Il governo sta trovando molte resistenze a rendere esecutivo il provvedimento che impone una stretta alle armi in Canada.
Le province e i territori fanno resistenza: il governo Trudeau faticherà a rendere esecutivo il provvedimento con cui intende imporre una stretta alle armi in Canada. Lo racconta il Washington Post in un lungo articolo di firmato da Amanda Coletta.
Dopo la mass shooting che nel 2020 portò alla morte di sedici persone in Nuova Scozia, il governo aveva deciso di mettere fuori legge 1.500 armi tattiche e militari e di ritirare i circa 150.000 esemplari in circolazione; in cambio i proprietari avrebbero ricevuto una cifra compresa tra i mille e i duemila dollari a seconda del modello e dell’età dell’arma. Fino alla fine di dicembre la procedura riguarderà i grossisti; da inizio 2023 si partirà, o si dovrebbe partire, con i proprietari privati.
Ma il condizionale è inevitabile. L’esecuzione del provvedimento è infatti affidata alle province e ai territori che in larga parte hanno fatto capire di non averne l’intenzione.

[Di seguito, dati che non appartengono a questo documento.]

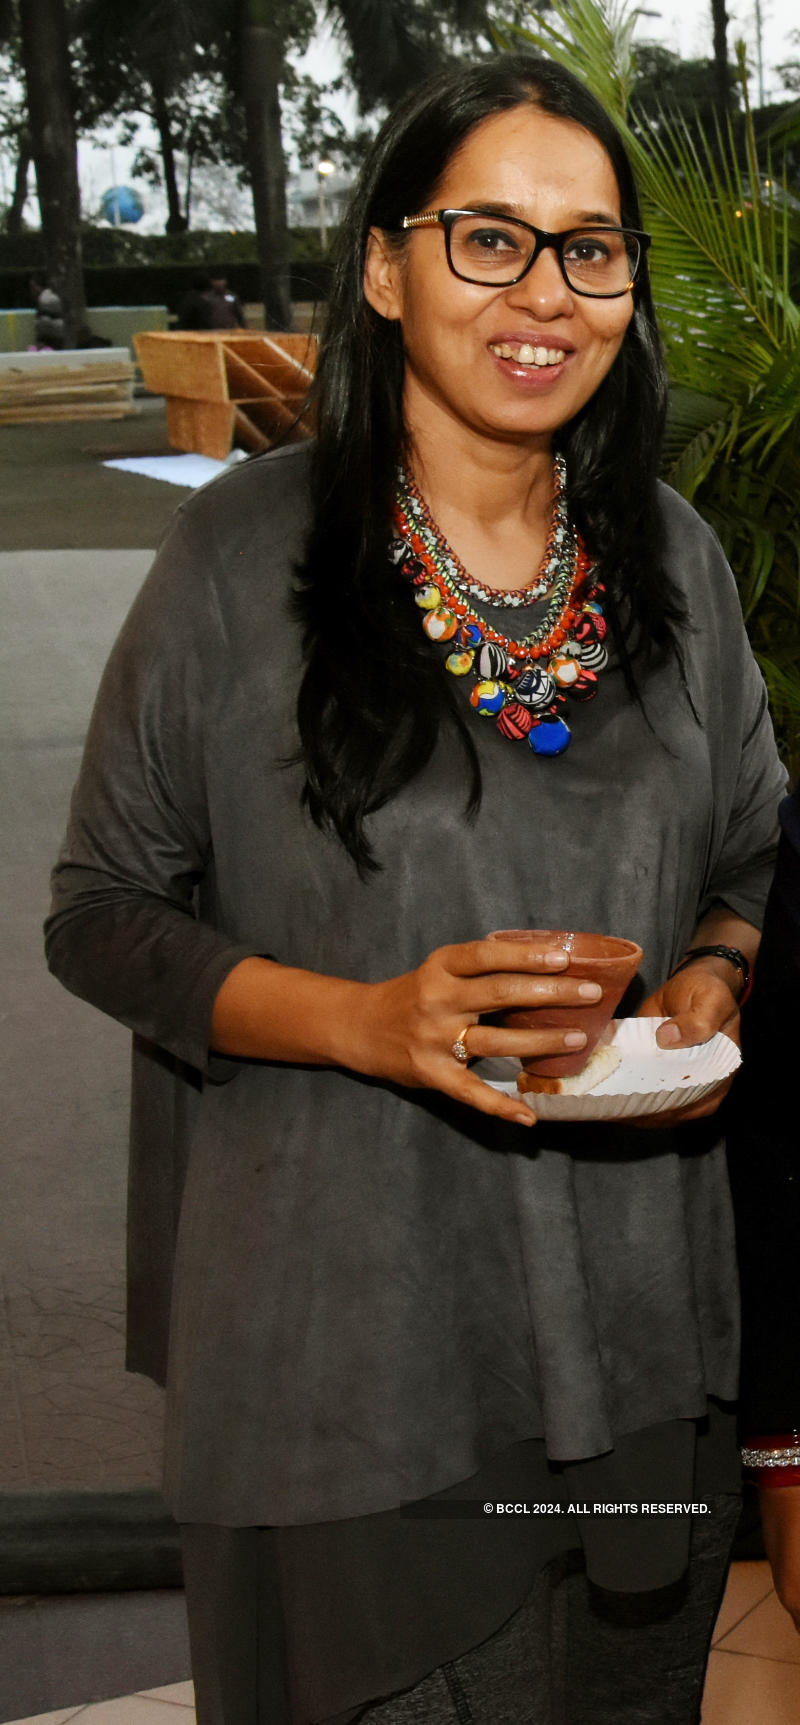 Padma Bhushan Teejan Bai performs at Sur Aur Saaz
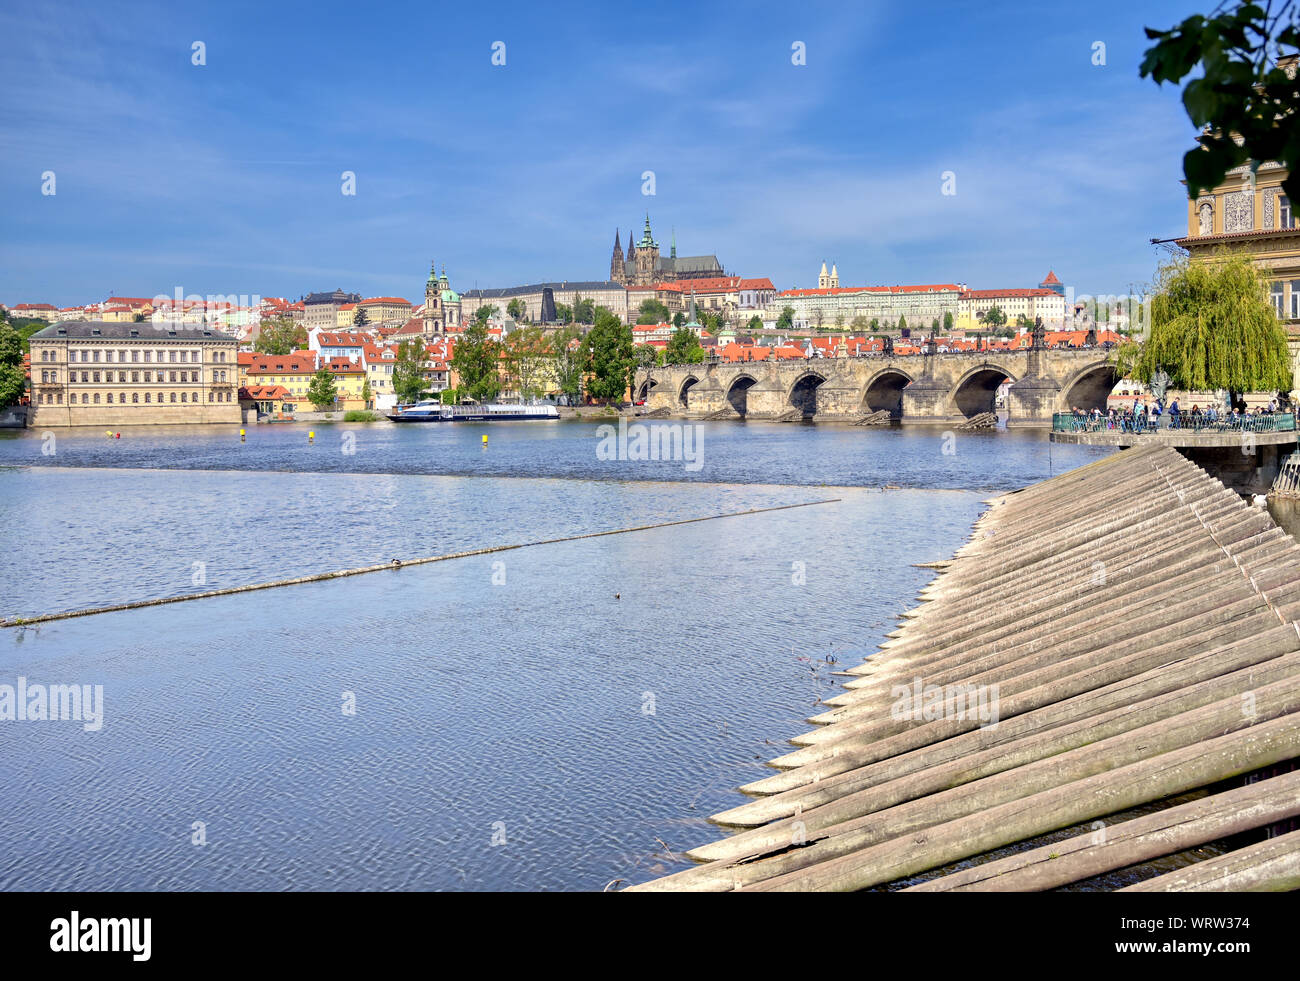 Ein Blick auf die Karlsbrücke und den Fluss Moldau zur Prager Burg und St. Vitas Kathedrale in Prag, Tschechische Republik. Stockfoto

La motivazione è triplice: la procedura implica un costo che molte province e territori hanno già detto di non potere o volere sostenere; da anni alcune province canadesi, su tutte Alberta (proprio qui, in Ontario e in Columbia britannica si trova gran parte delle armi da ritirare) e Saskatchewan, chiedono al governo di Ottawa maggiori poteri, e un tema come questo si presta bene alla lotta politica; e poi molti canadesi, legatissimi alle tradizioni venatorie, vedono male ogni possibile restrizione alle armi.